21.11.2007 / Lesedauer: 2 min

"Heiße Rhythmen" spielen die Dortmunder Philharmoniker fast jeden Abend. Beim 1. Konzert für Junge Leute im Opernhaus waren sie besonders feurig.

"Gute Laune-Musik" wie das Scherzo à la Russe von Strawinsky und Gershwins "Strike up the Band" hatte der 1. Kapellmeister Ekhart Wycik ausgesucht.

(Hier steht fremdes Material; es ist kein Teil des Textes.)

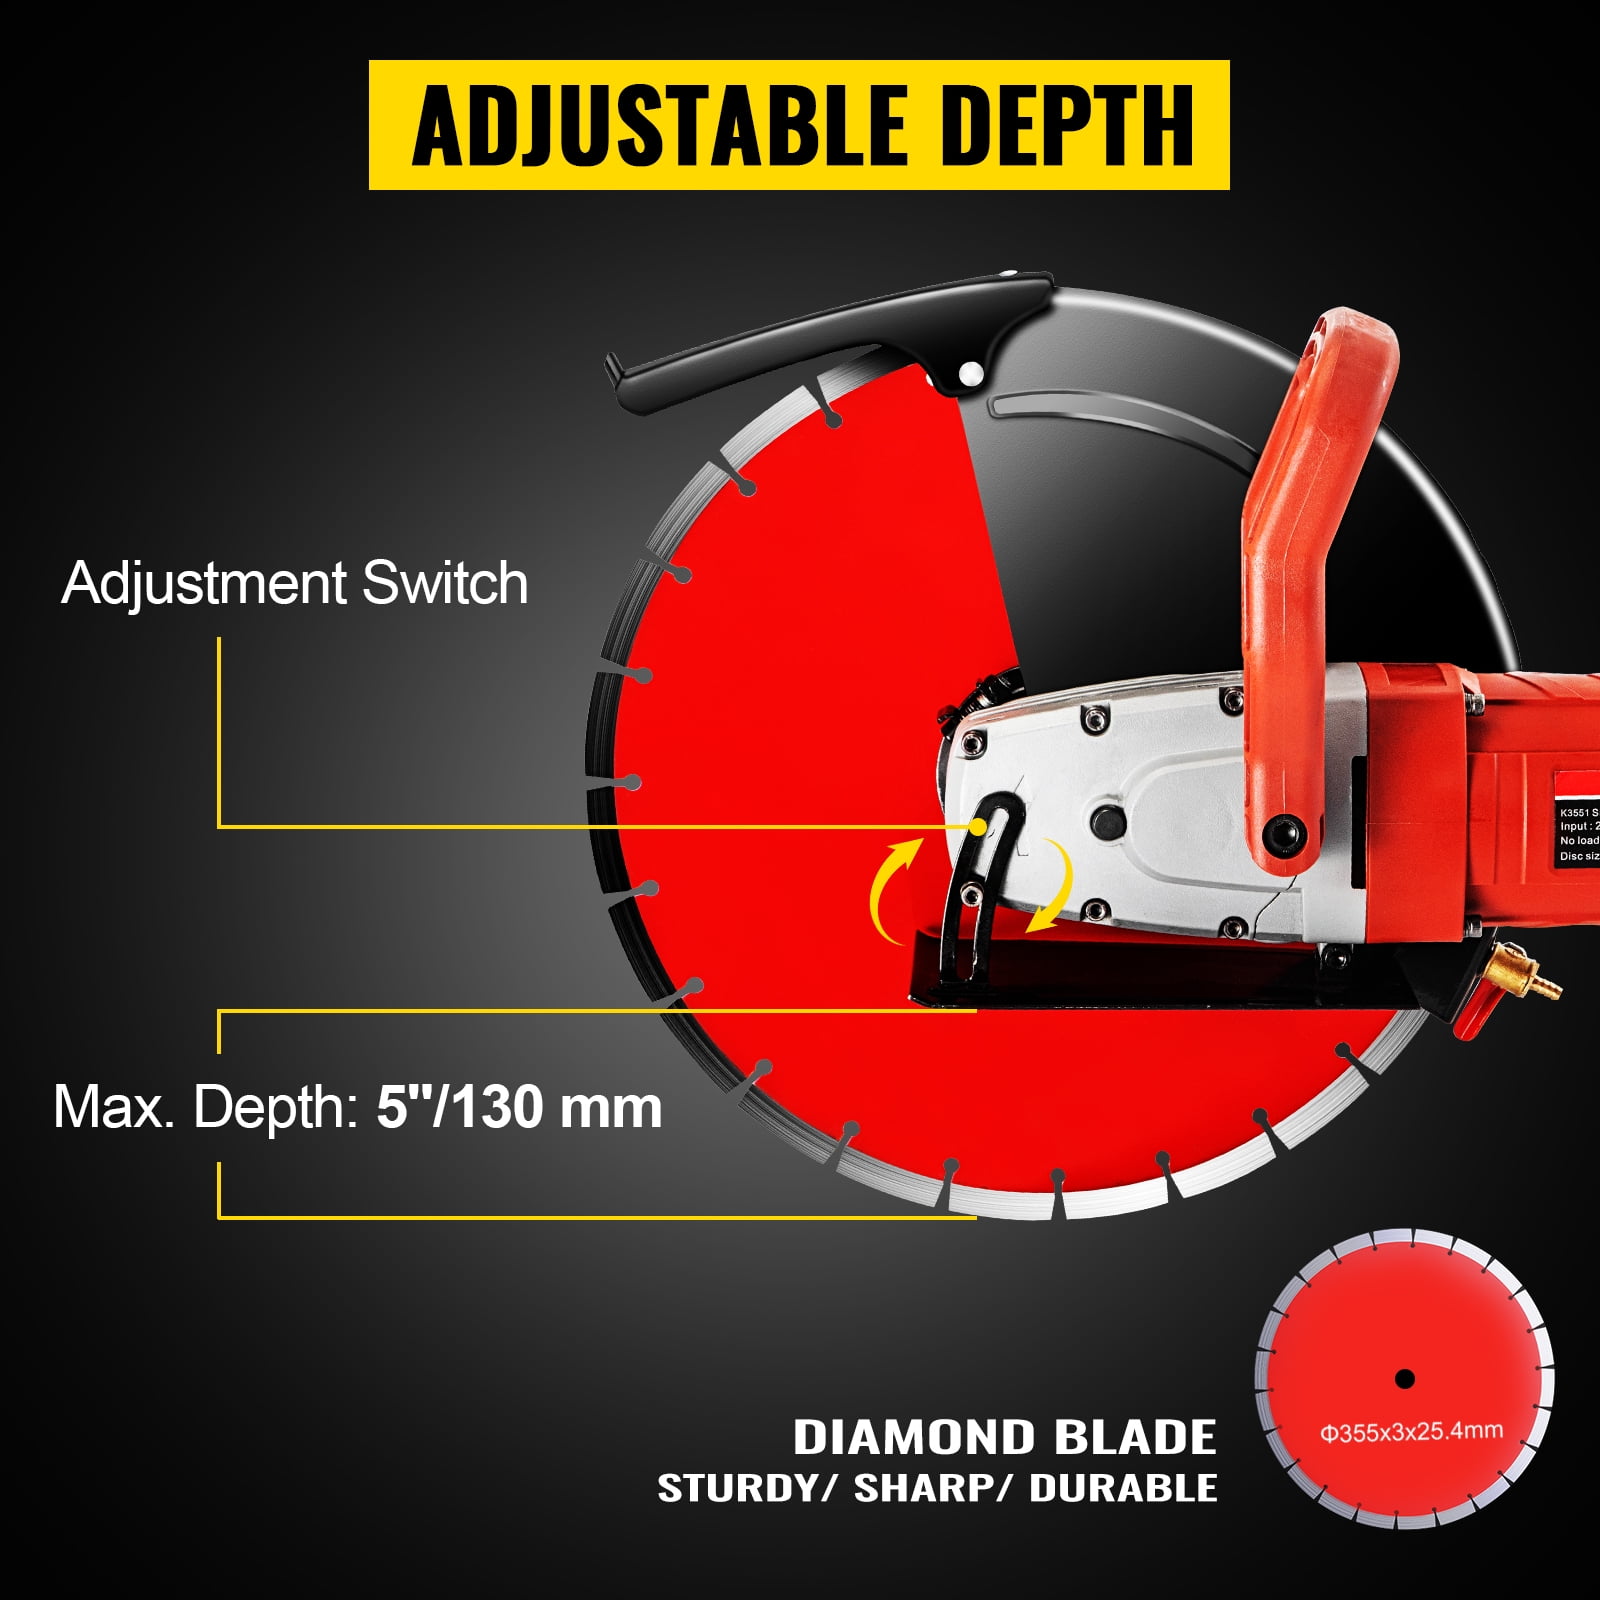 DNYSYSJ Electric Concrete Saw Cutter Circular Saw 14 Inch 3000W Wet Dry  Sawing with Blade and Tools for Granite, Brick, Porcelain, Reinforced  Concrete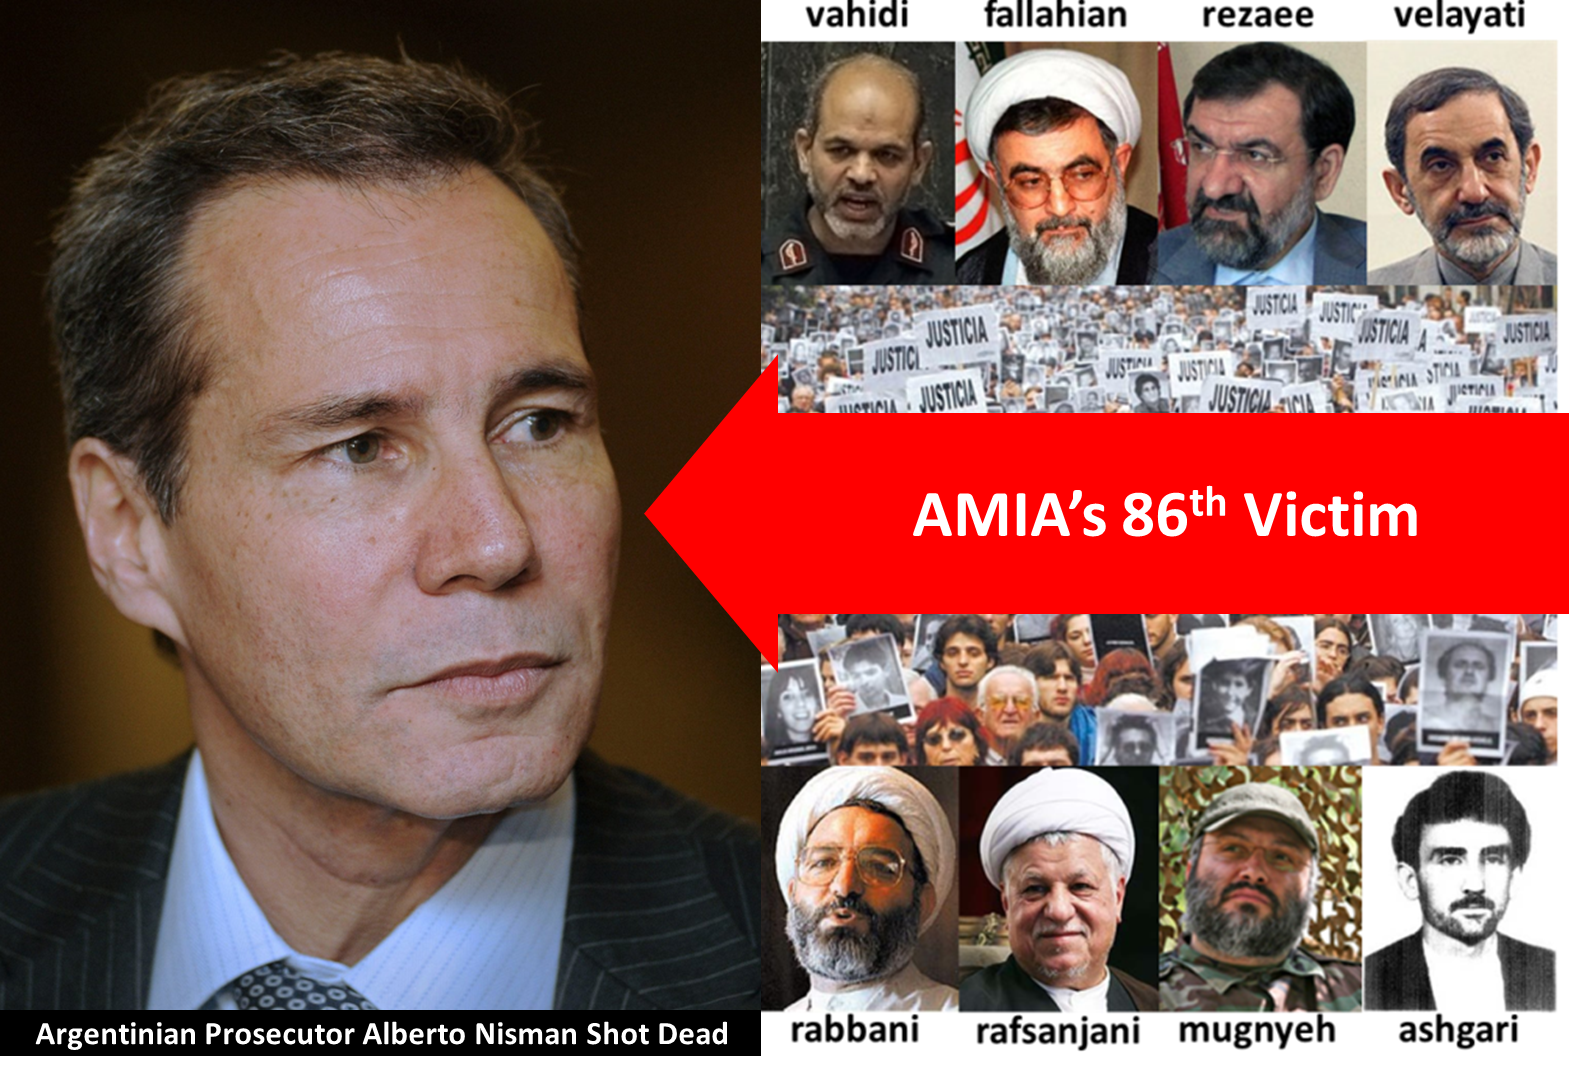 Argentinian Prosecutor Alberto Nisman Shot Dead befor he had a chance to prove to the court the unquestionable Iran's involvment in AMIA bombing.

Und nahm sie mit auf einen Kurztrip an die Copacabana in Golds "Latin Symphonette", nach Spanien zu Tänzen aus Sevilla und nach New York zu den Bandenkriegen aus "West Side Story".

Farbige und durchgehend rhythmusbetonte Musik mit viel Schlagwerk hatte Wycik zusammengestellt und zeigte den Jugendlichen auch, wie cool ein Orchester spielen kann und wie schwer es ist, einen Rhythmus exakt zu klatschen. Masken und Ritter aus Prokofjews "Romeo und Julia" ließen die Philharmoniker schwungvoll aufmarschieren und begeisterten das junge Publikum auch mit einem russischen Trepak, der Turbo-Variante des Marsches.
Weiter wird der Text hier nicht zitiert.